As shown in equation (3), the reflectance of UV-stimulated sample could be measured by calibrating CS-2000 spectroradiometer with the UV+ incandescent light source and then measuring the fluorescence of the sample.

With the same rationale, the reflectance of a non-stimulated sample could be measured via the equation (1). The fluorescence index was calculated from the difference between the excited and non-excited reflectance values at the maximum emission wavelength.

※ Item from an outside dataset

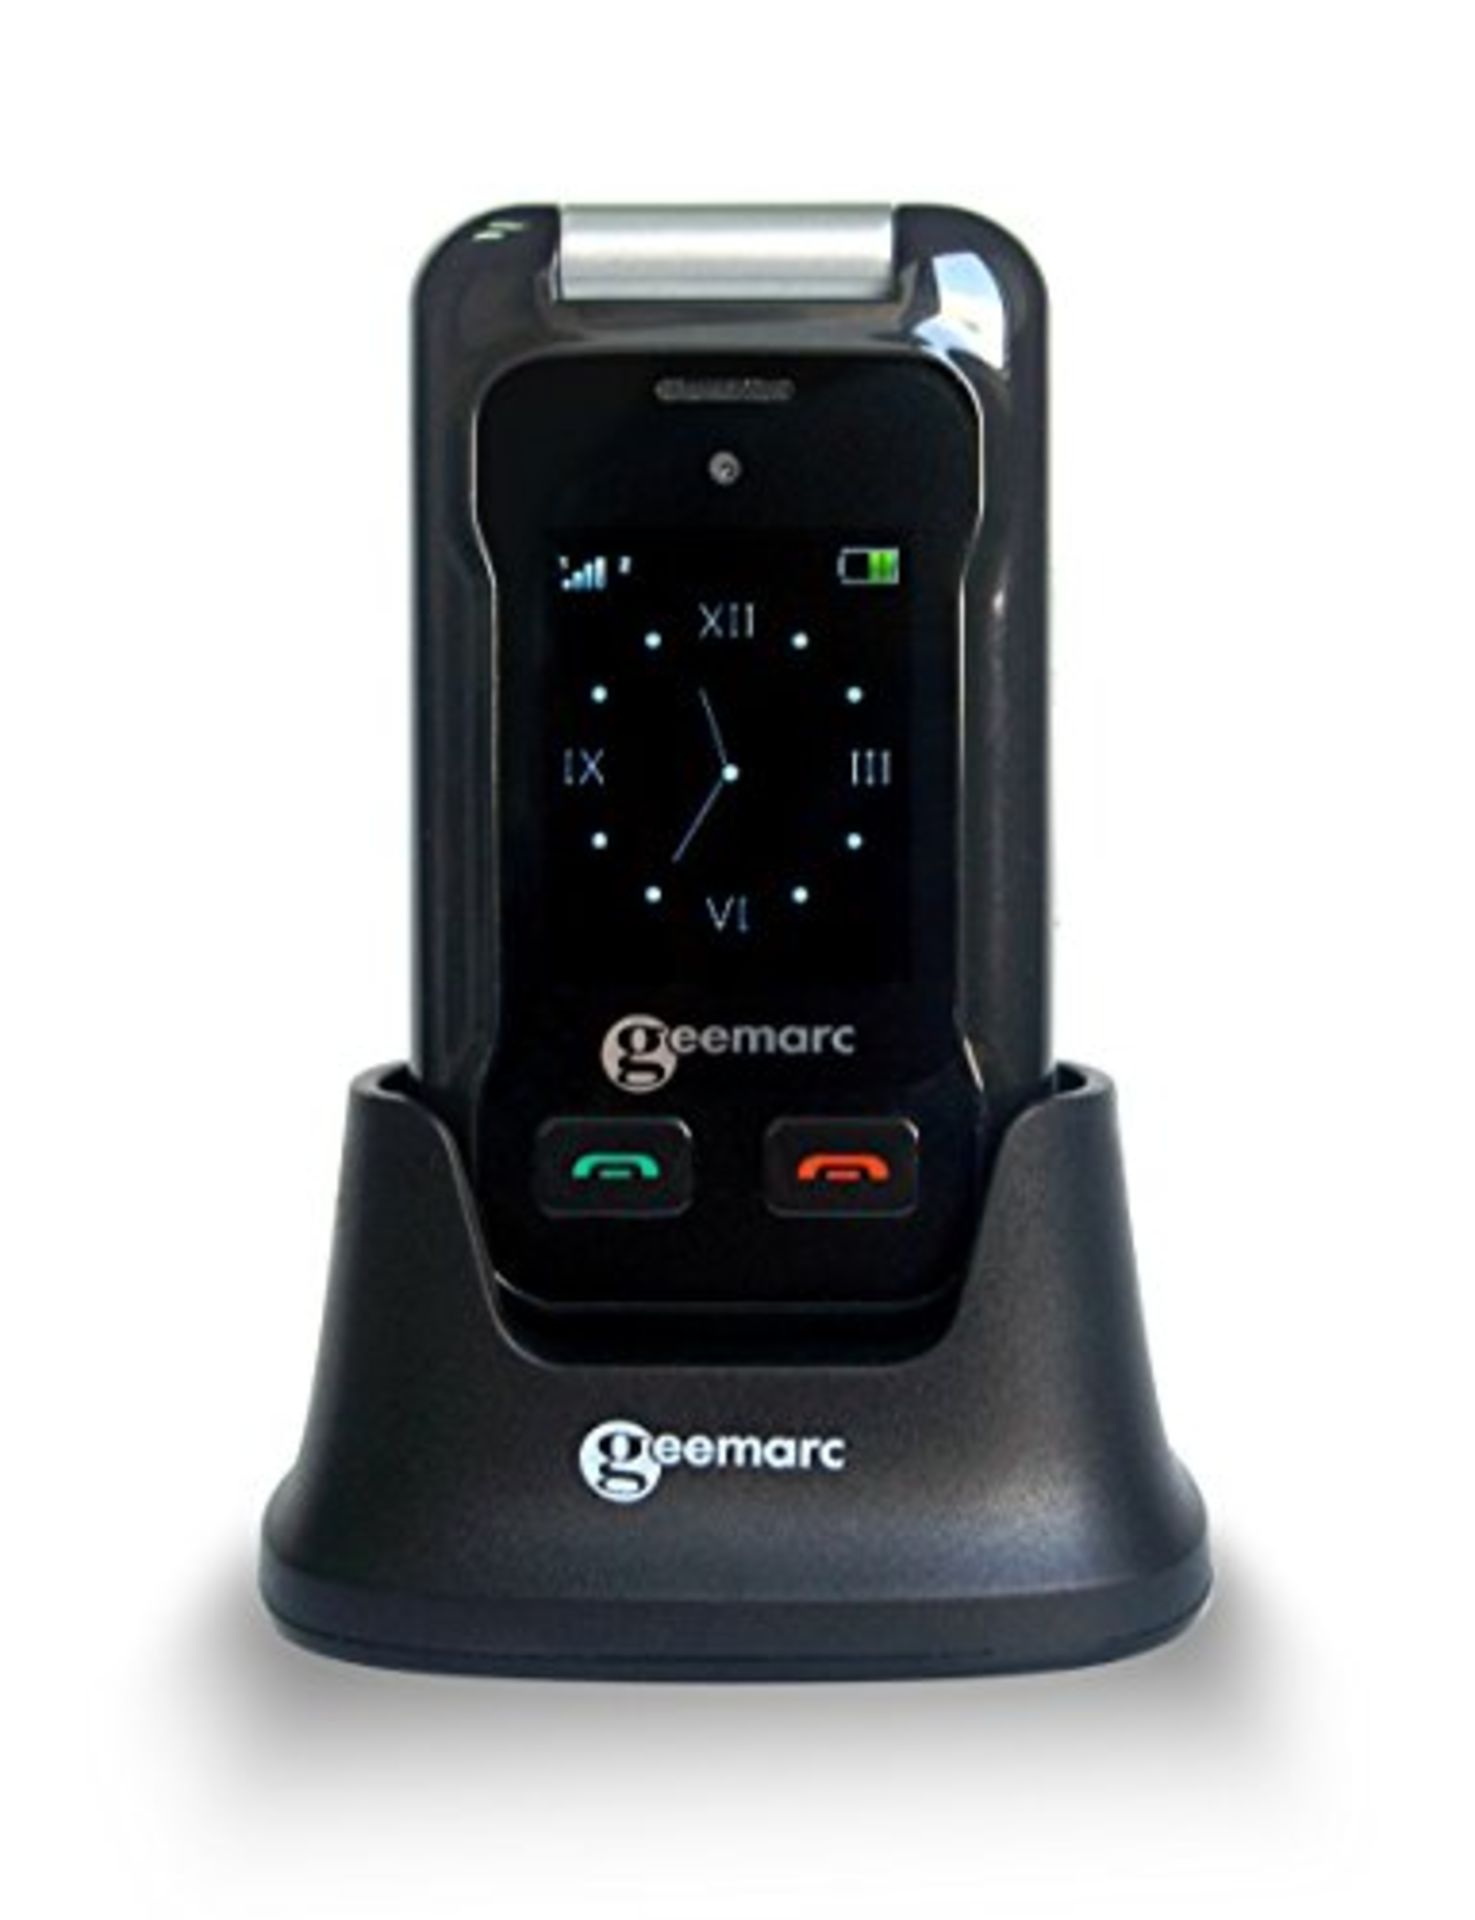 RRP £69.00 Geemarc CL8500 - Amplified Big Button Clamshell SIM-Free Mobile Phone with Dual LCD Di

Figure 3 illustrates the Enamic (1 mm) base and excited reflectance values. As shown, the curve shows the typical behavior of a fluorescent dye/pigment reflectance graph [15. This approves the designed procedure for measuring the fluorescence. As described in the Introduction section, the difference between the peaks of fluorescence emission and the baseline unexcited reflectance is recorded as the index of fluorescence.

Fig. 3

Reflectance curves of a 1-mm Enamic sample in the excited and non-excited states

Statistical analysis:

Two-way ANOVA was applied to compare the measured fluorescence between the ceramic types (factor 1) and different thicknesses (factor 2). Moreover, the Duncan post-hoc test was applied to find the cause of significant difference reported by ANOVA. P<0.05 was considered statistically significant.

Results

As the interaction between the ceramic thickness and ceramic type was insignificant (P=0.94), the factors were analyzed independently. A significant difference was noted between the fluorescence of ceramics (P<0.001). The results of the post-hoc test are shown in Error! Rererence source not found..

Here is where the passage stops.